Salam Shaik for AWS Community Builders

Posted on Dec 22, 2023

Harnessing AWS's Invoke Model State for Efficient Embedding Creation in Workflows

#aws #bedrock #stepfunctions #lambda

Hi everyone,

AWS recently released bedrock integration to step functions. They are providing InvokeModel **and **CreateModelCustomizationJob **states in the step functions. If you can search in the search bar of the step function with the **Bedrock name it will provide a list of the actions available.

Now we can create the workflows by invoking the models available in the Amazon Bedrock from the step functions.

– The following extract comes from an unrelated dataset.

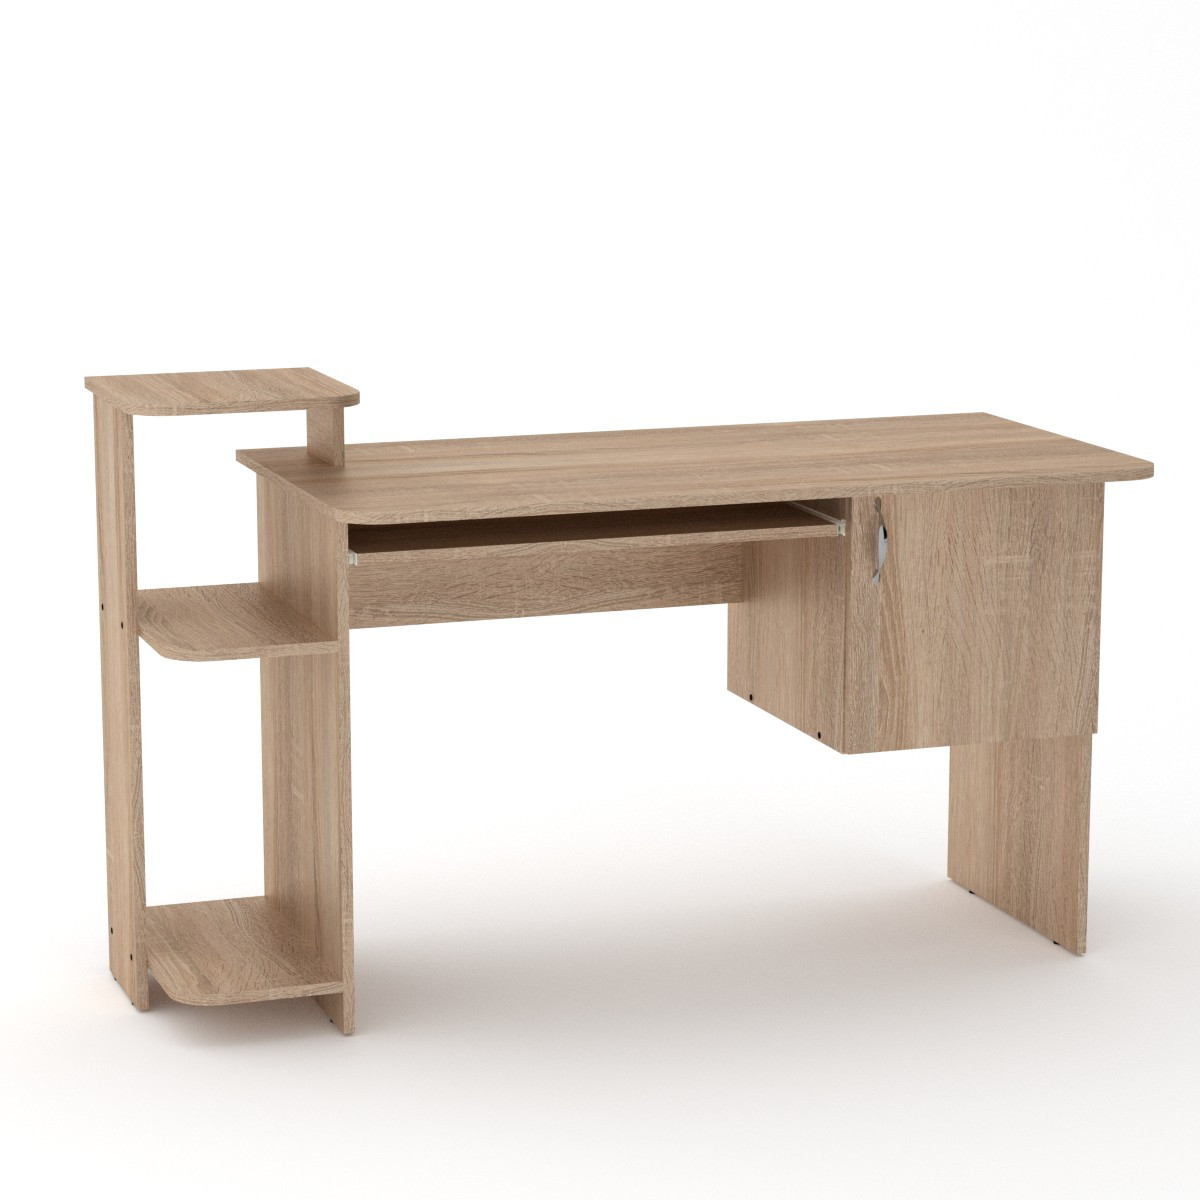 Стол компьютерный СКМ-3 дуб сонома Компанит (142х60х87 см)

If you are not aware of the embeddings and bedrock service, refer to my previous article using this link
Building a vector-based search engine using Amazon Bedrock and Amazon Open Search Service

Let’s dive into the article

In this article, we are going to create a state machine workflow to generate embeddings from a CSV file stored in an S3 bucket and store the generated embeddings in the OpenSearch index for further processing.

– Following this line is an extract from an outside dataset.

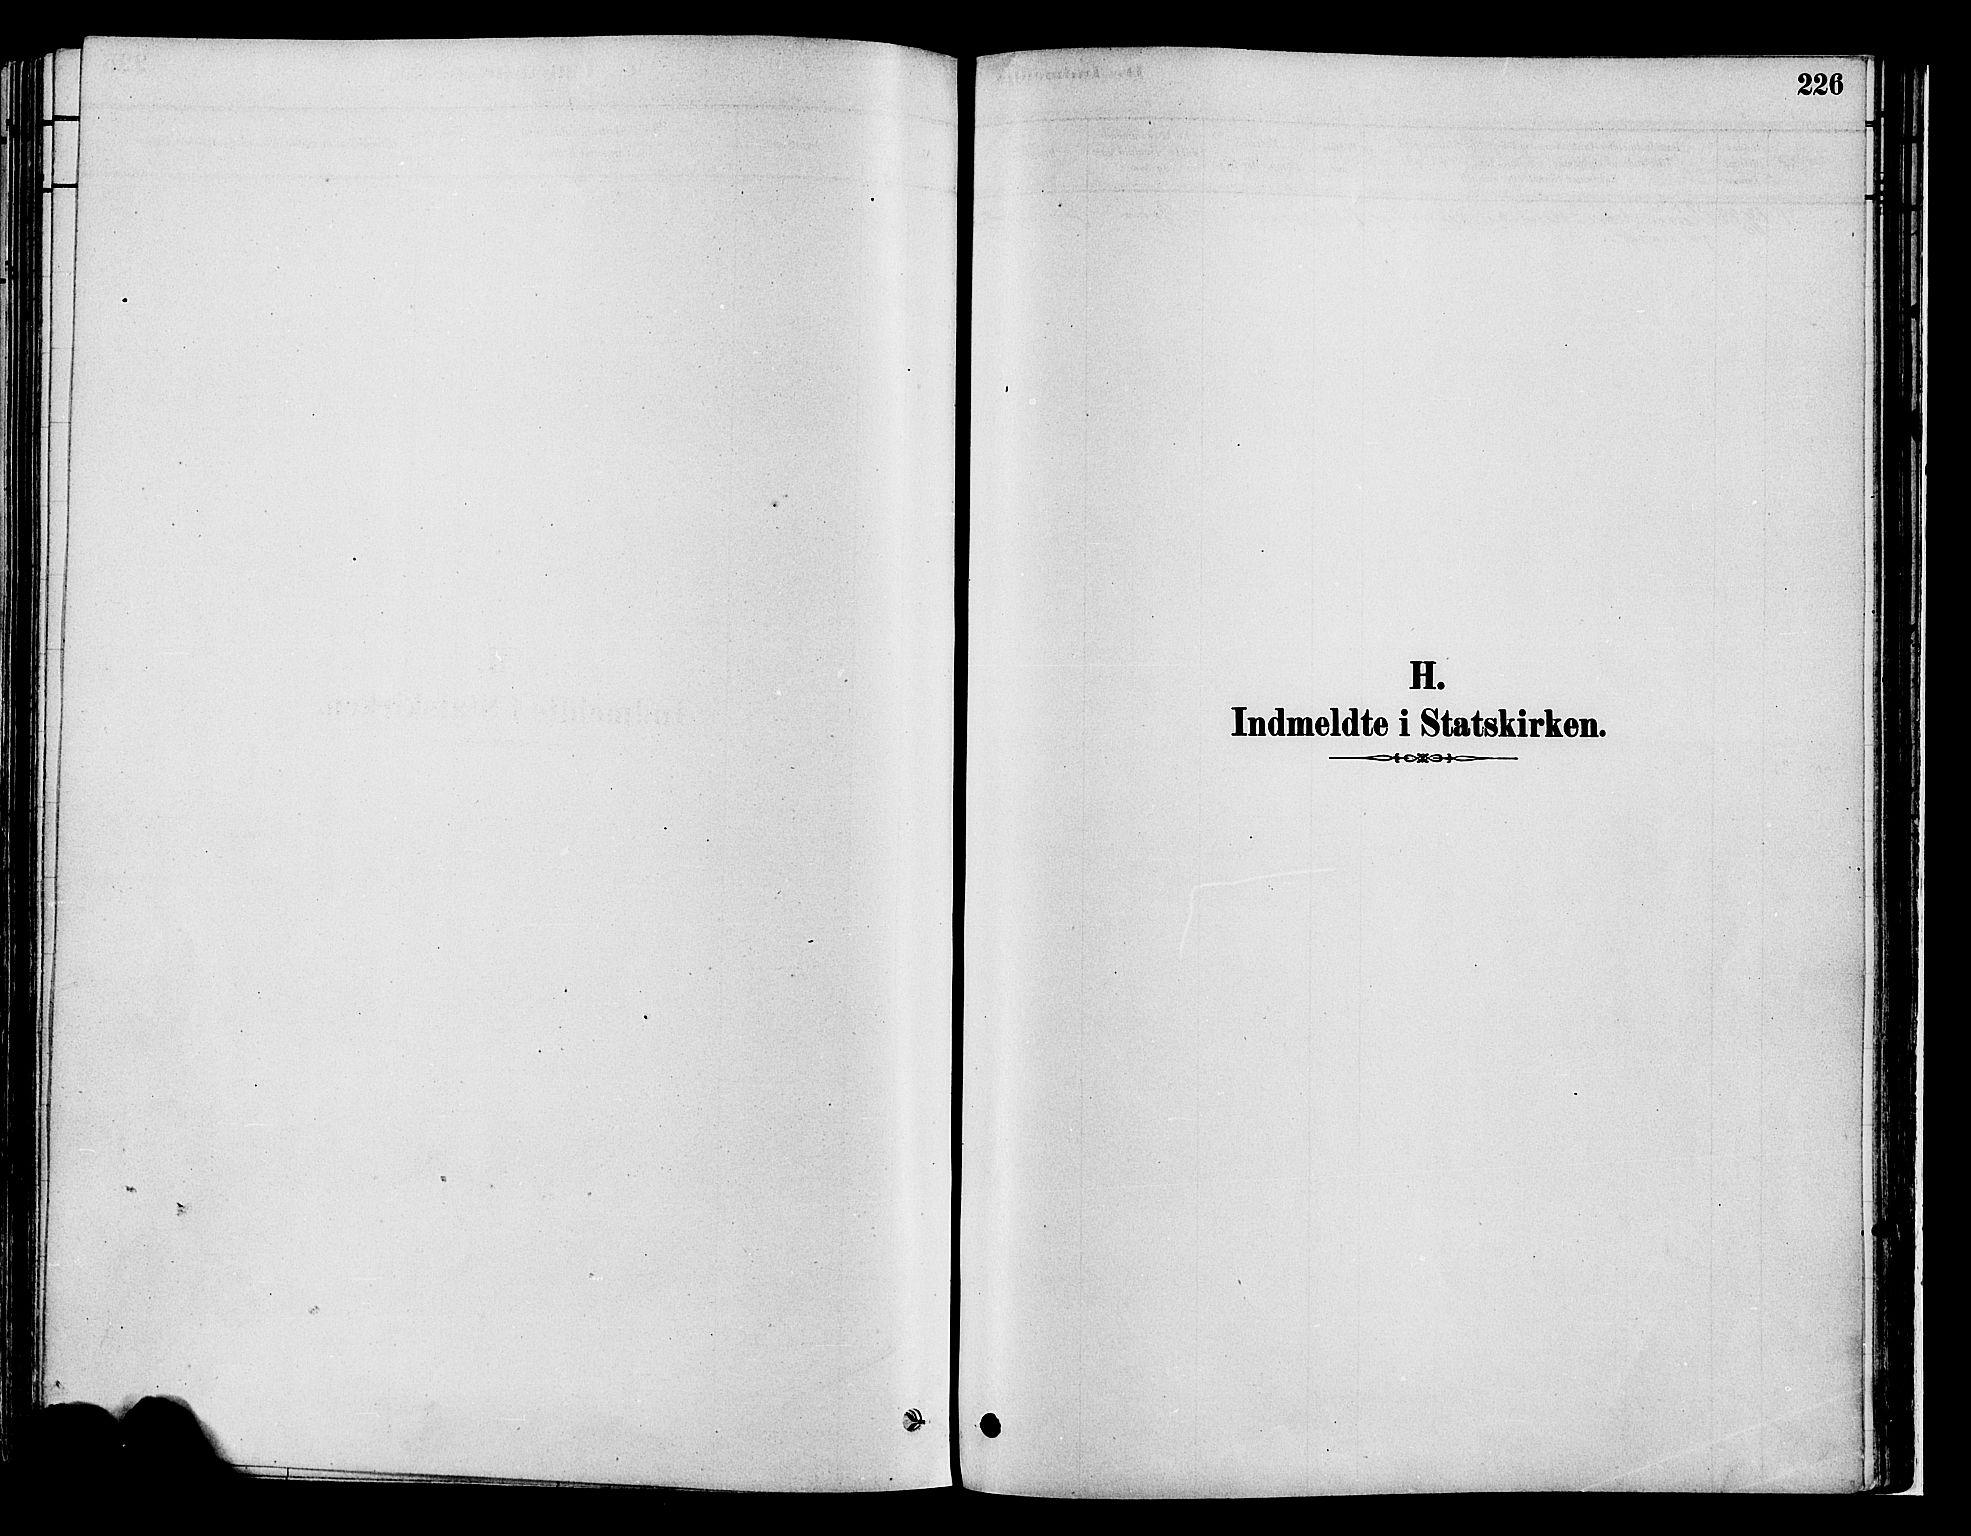 SAH, Gran prestekontor, Ministerialbok nr. 14, 1880-1889, s. 226

AWS services we are going to use in this experiment

S3 bucket for storing the data
Step function to create a workflow for generating embeddings and storing them OpenSearch index
BedRock contains the models for generating the embeddings
Lambda for storing the generating embedding in the OpenSearch
OpenSearch for storing the embeddings for implementing semantic search

Step 1: Collecting and storing the data:

For this experiment, using this link I downloaded a dataset containing a set of movie info https://www.kaggle.com/datasets/kayscrapes/movie-dataset
Create an S3 bucket and upload the CSV file to the bucket.

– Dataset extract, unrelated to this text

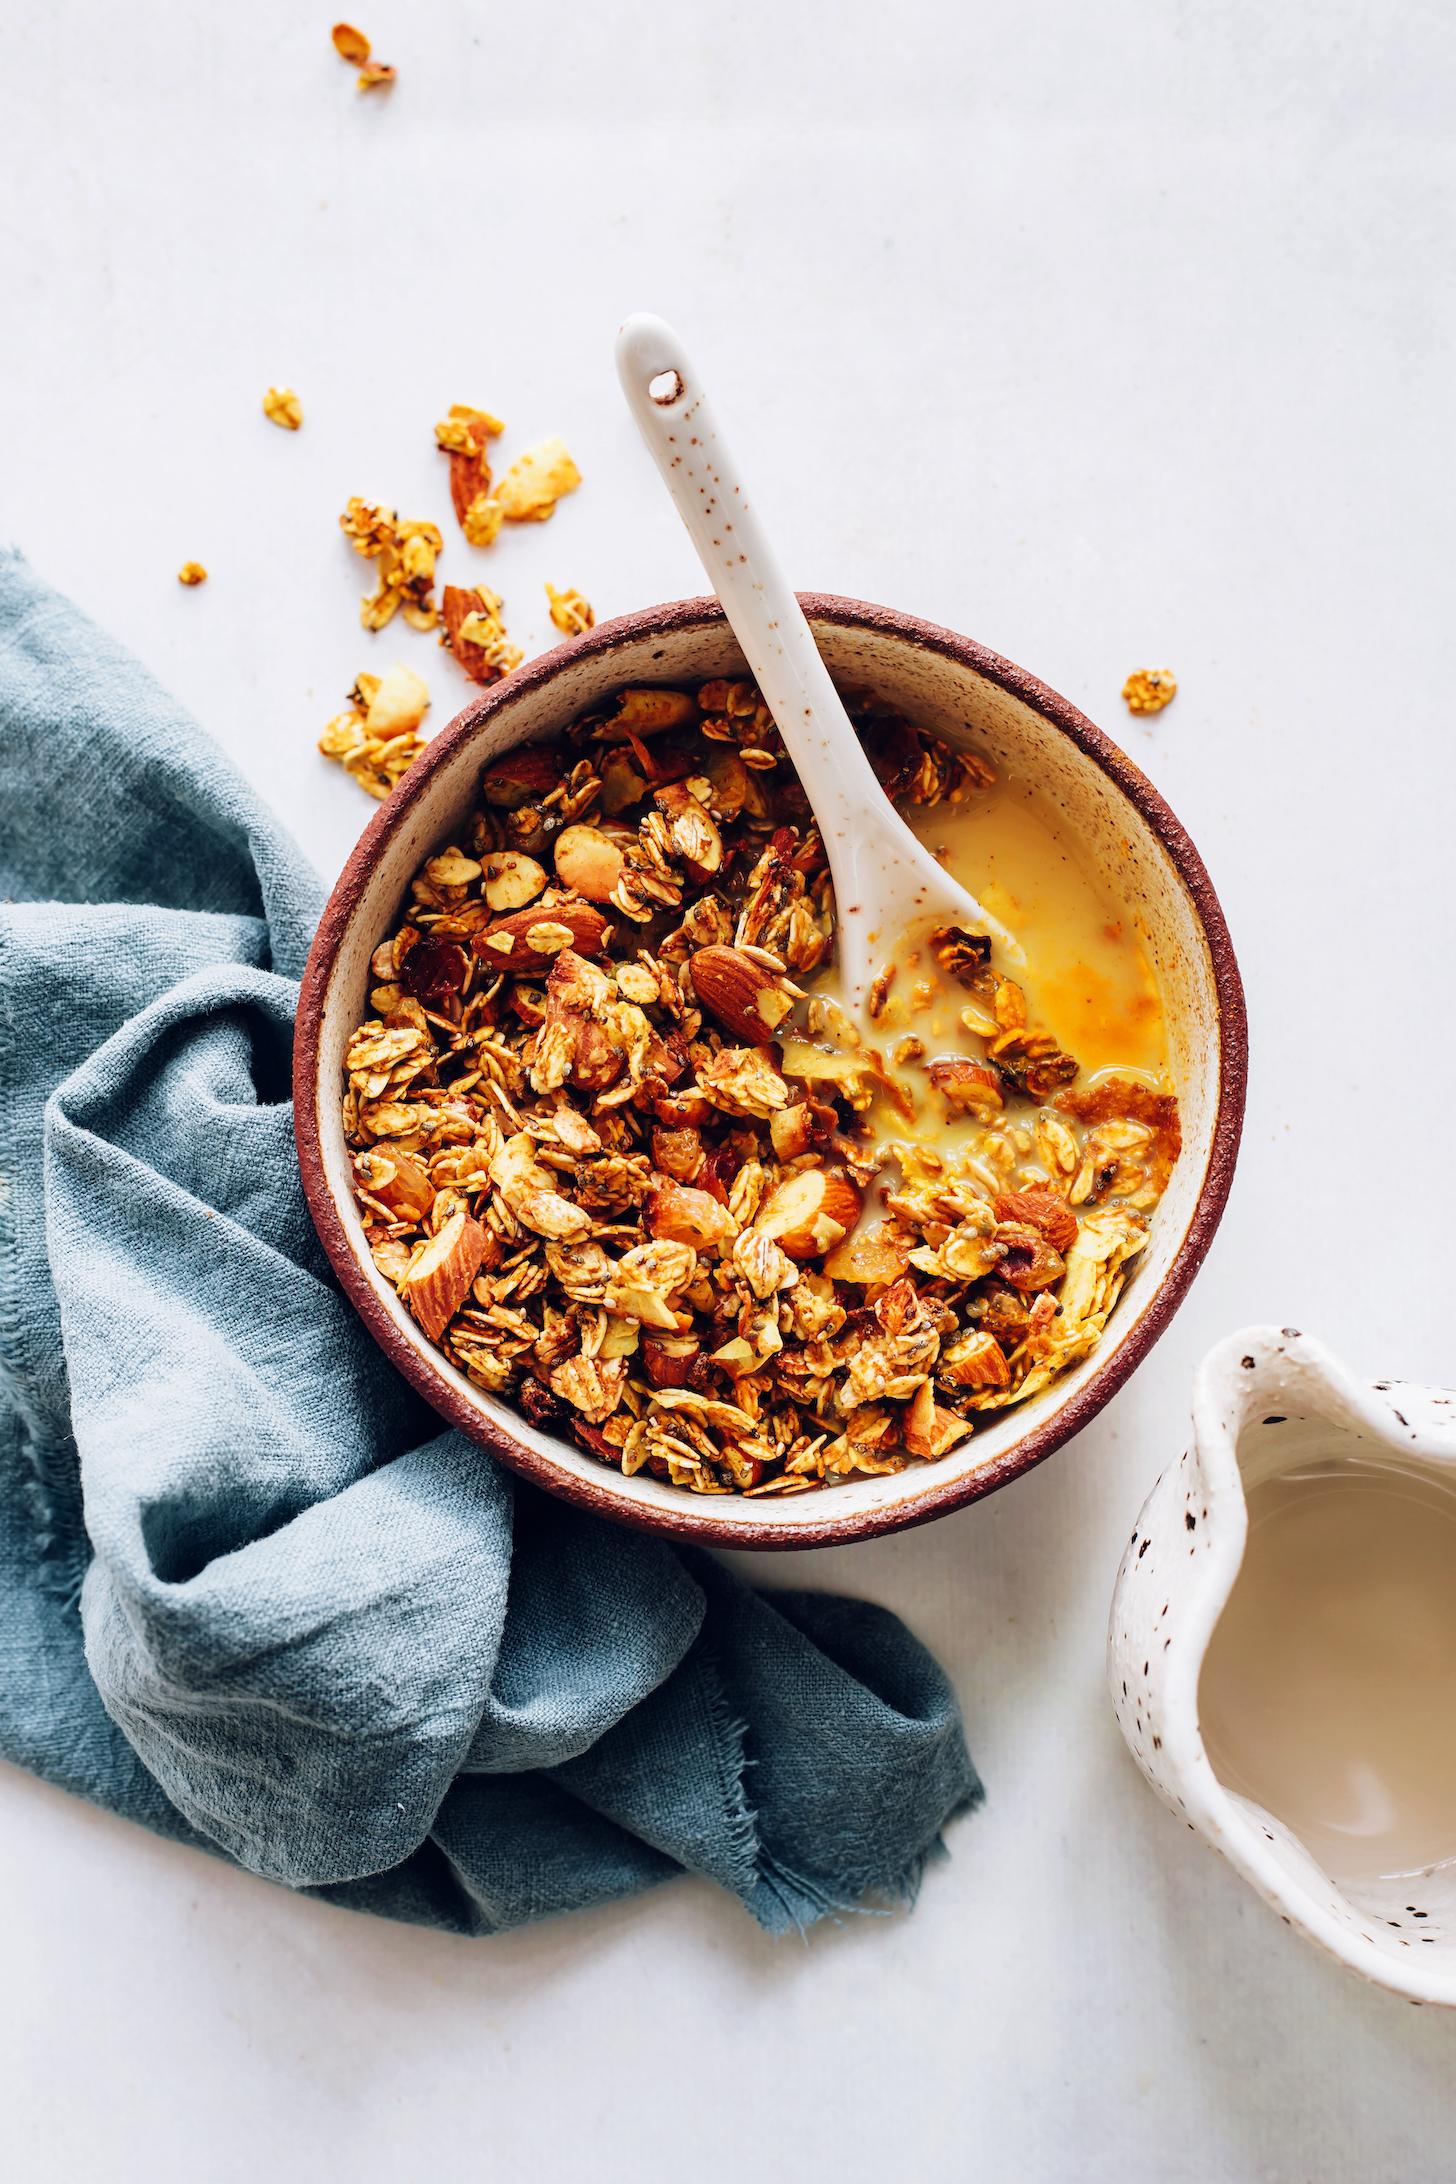 Spoon in a bowl of golden milk granola

Step 2: Create an open Search Service cluster

For storing the embeddings we will create an open search cluster
Visit the open search service from the AWS search bar
Click on the Create Domain button
Provide the Name for the domain, choose standard create, and select dev/test template

Deployment will be without standby as we are not doing this for production purposes.

From the general purpose instances select t3.small.search instances, as we are experimenting and nodes will only have 1

Instead of VPC deploy it publicly and provide a master username and password

Configure the access policy to allow all to access OpenSearch dashboards and endpoints. But for production make it according to your security requirements

Click on Create Domain and wait for a few minutes for the cluster to come online
Once the cluster is ready copy the open search endpoints from the dashboard to use in the Lambda function
Visit the OpenSearch dashboard and create an index for storing the data
Visit dev tools ****from the dashboard and use the following code to create an index

PUT contents
    {
      "settings": {
        "index.knn": true
      },
      "mappings": {
        "properties": {
          "Summary":{
            "type": "text"
          },  
          "Title": {
            "type": "text"
          },
          "Embedding": {
            "type": "knn_vector",
            "dimension": 1536
          }
        }
      }
    }

Step 3: Create a Lambda function for storing the embeddings

Visit the Lambda service and create a Lambda function with the Python 3.9 environment
Here is the lambda code

    import boto3
    import requests
    from requests_aws4auth import AWS4Auth

    def lambda_handler(event, context):
        # Extract the relevant data
        summary = event['Summary']#summary column of csv file
        title = event['Title']#Title column of the csv file
        embedding = event['output']['Body']['embedding'] #contains embedding generataed for Summary columns

        # Define the document to be indexed
        document = {
            'Summary': summary,
            'Title': title,
            'Embedding': embedding
        }

        #Username and password of the opensearch endpoint
        auth = ('username',"password")

        # OpenSearch domain endpoint
        opensearch_domain_endpoint = "https://search-contents-oflzhkvsjgukdwvszyd5erztza.us-east-1.es.amazonaws.com"  # e.g., https://search-mydomain.us-west-1.es.amazonaws.com
        index_name = 'contents'
        url = f"{opensearch_domain_endpoint}/{index_name}/_doc"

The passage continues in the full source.